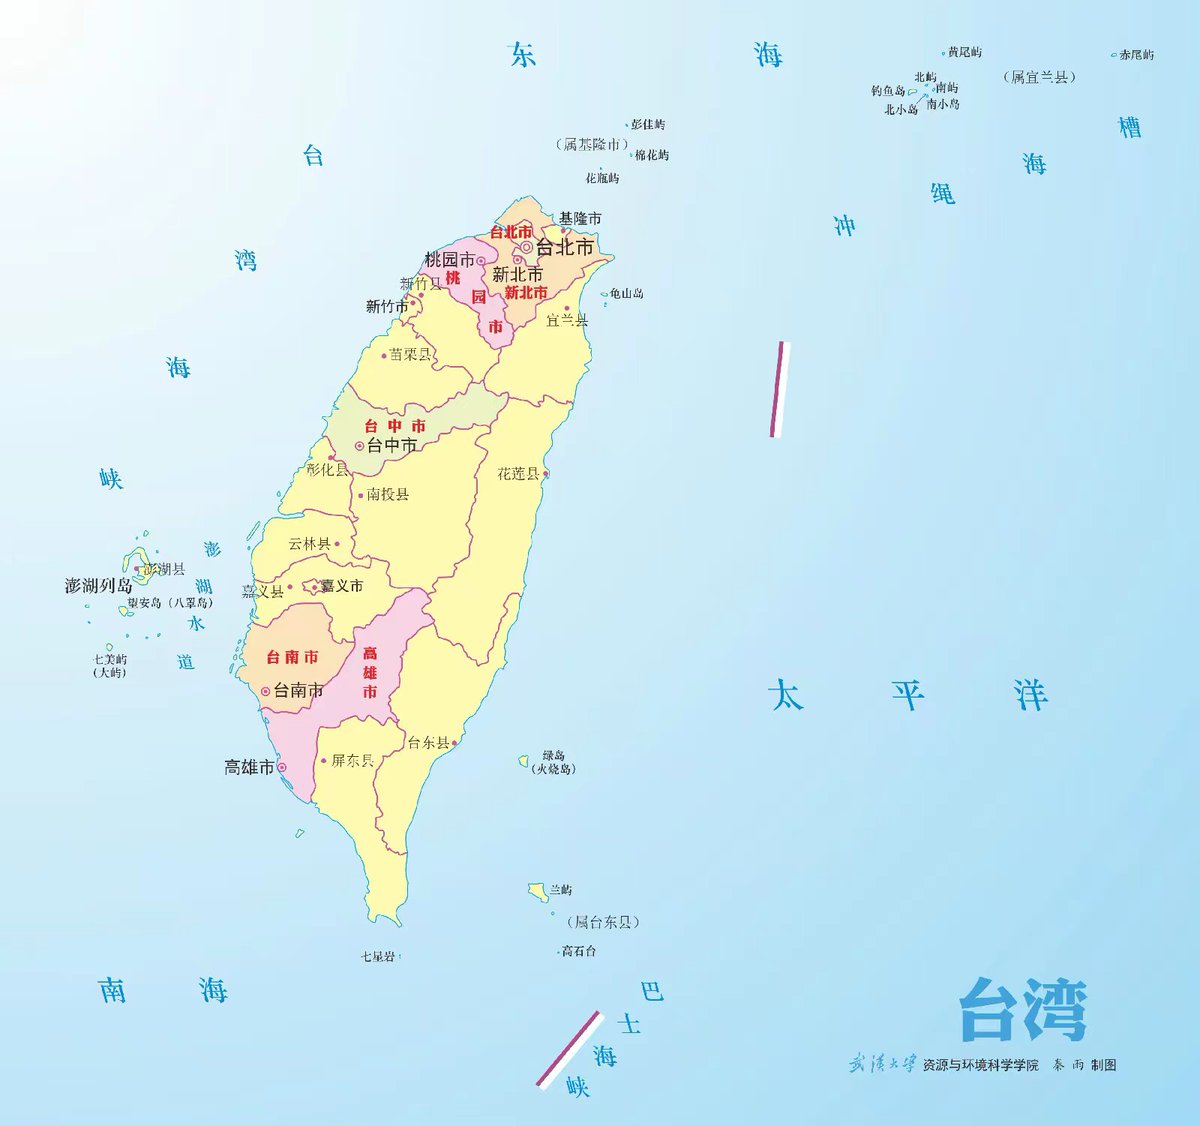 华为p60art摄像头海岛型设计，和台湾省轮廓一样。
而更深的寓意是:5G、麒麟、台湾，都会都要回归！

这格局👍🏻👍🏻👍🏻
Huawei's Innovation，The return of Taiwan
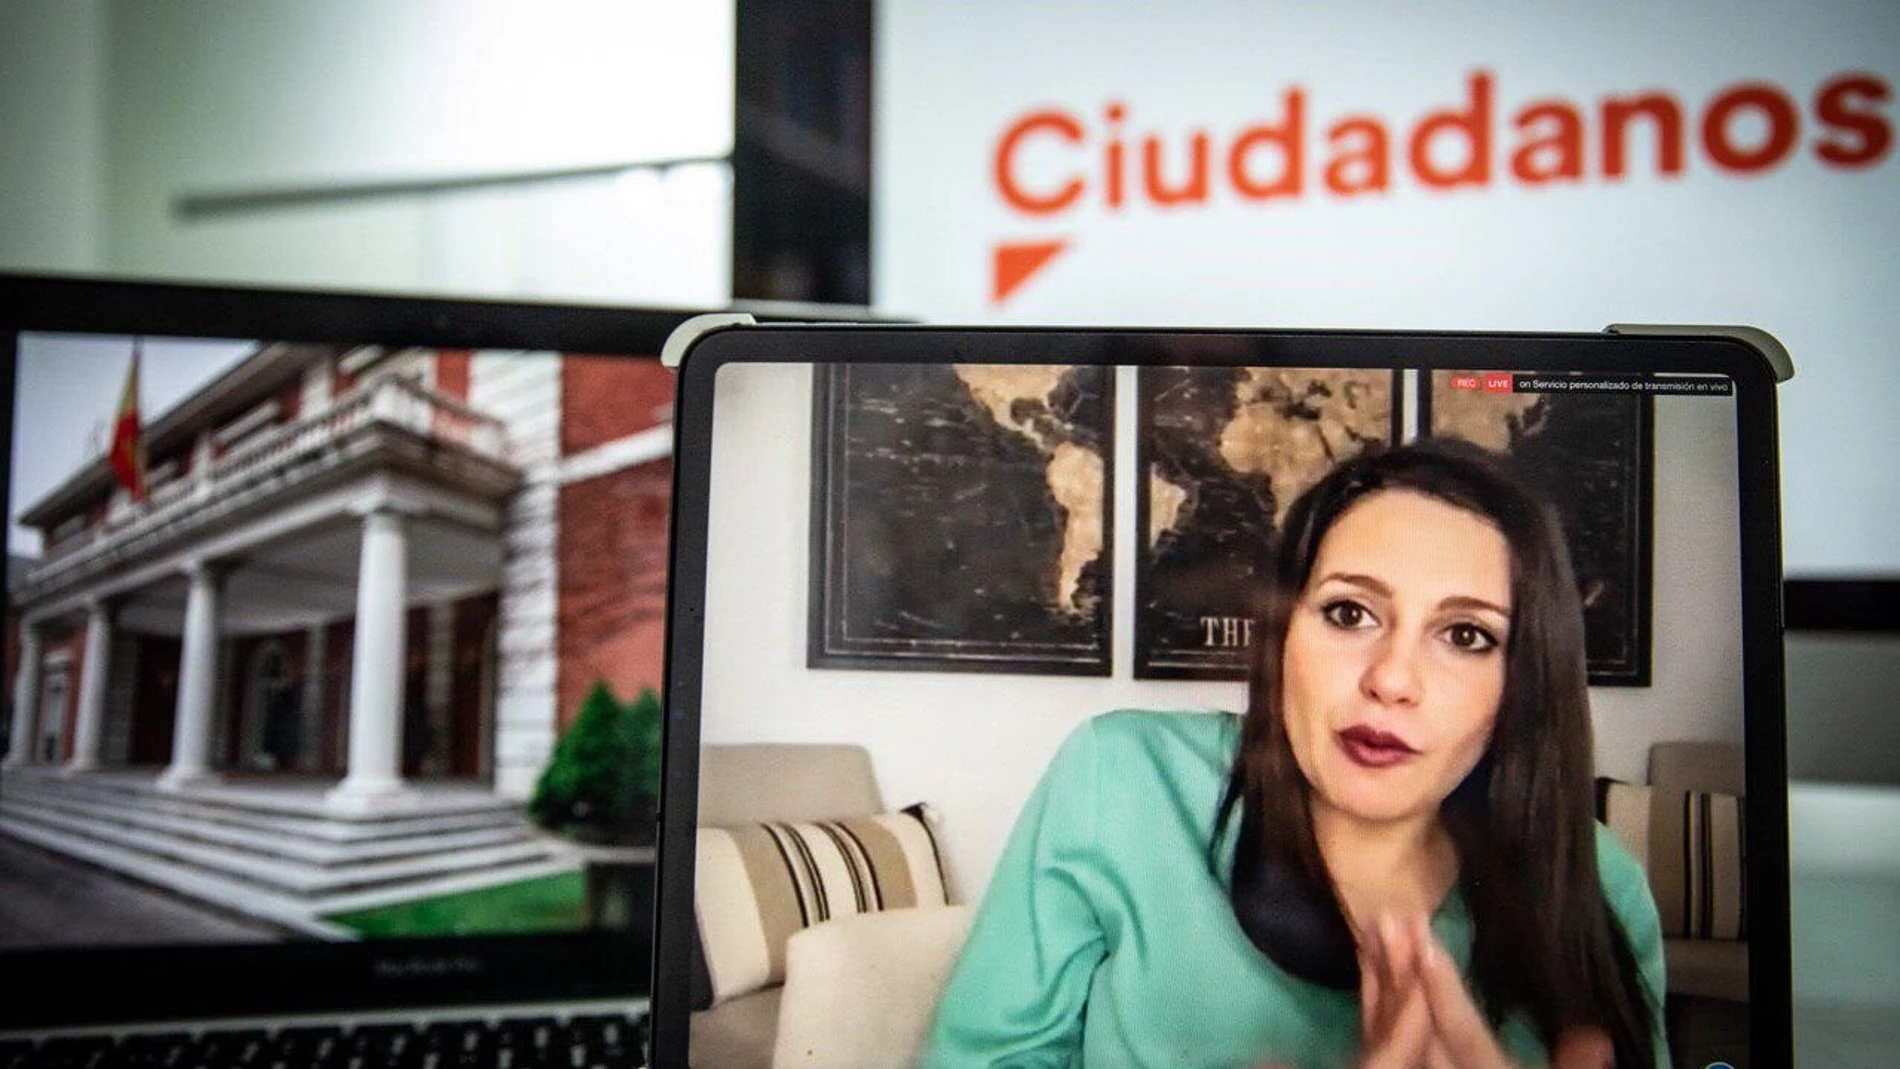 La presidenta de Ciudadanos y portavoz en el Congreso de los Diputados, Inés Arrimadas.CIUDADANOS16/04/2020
=======
▸ PROBLEM TO SOLVE:
Please produce an exact copy of all the material, leaving out the pictures.

▸ SOLUTION:
 华为p60art摄像头海岛型设计，和台湾省轮廓一样。
而更深的寓意是:5G、麒麟、台湾，都会都要回归！

这格局👍🏻👍🏻👍🏻
Huawei's Innovation，The return of Taiwan
 La presidenta de Ciudadanos y portavoz en el Congreso de los Diputados, Inés Arrimadas.CIUDADANOS16/04/2020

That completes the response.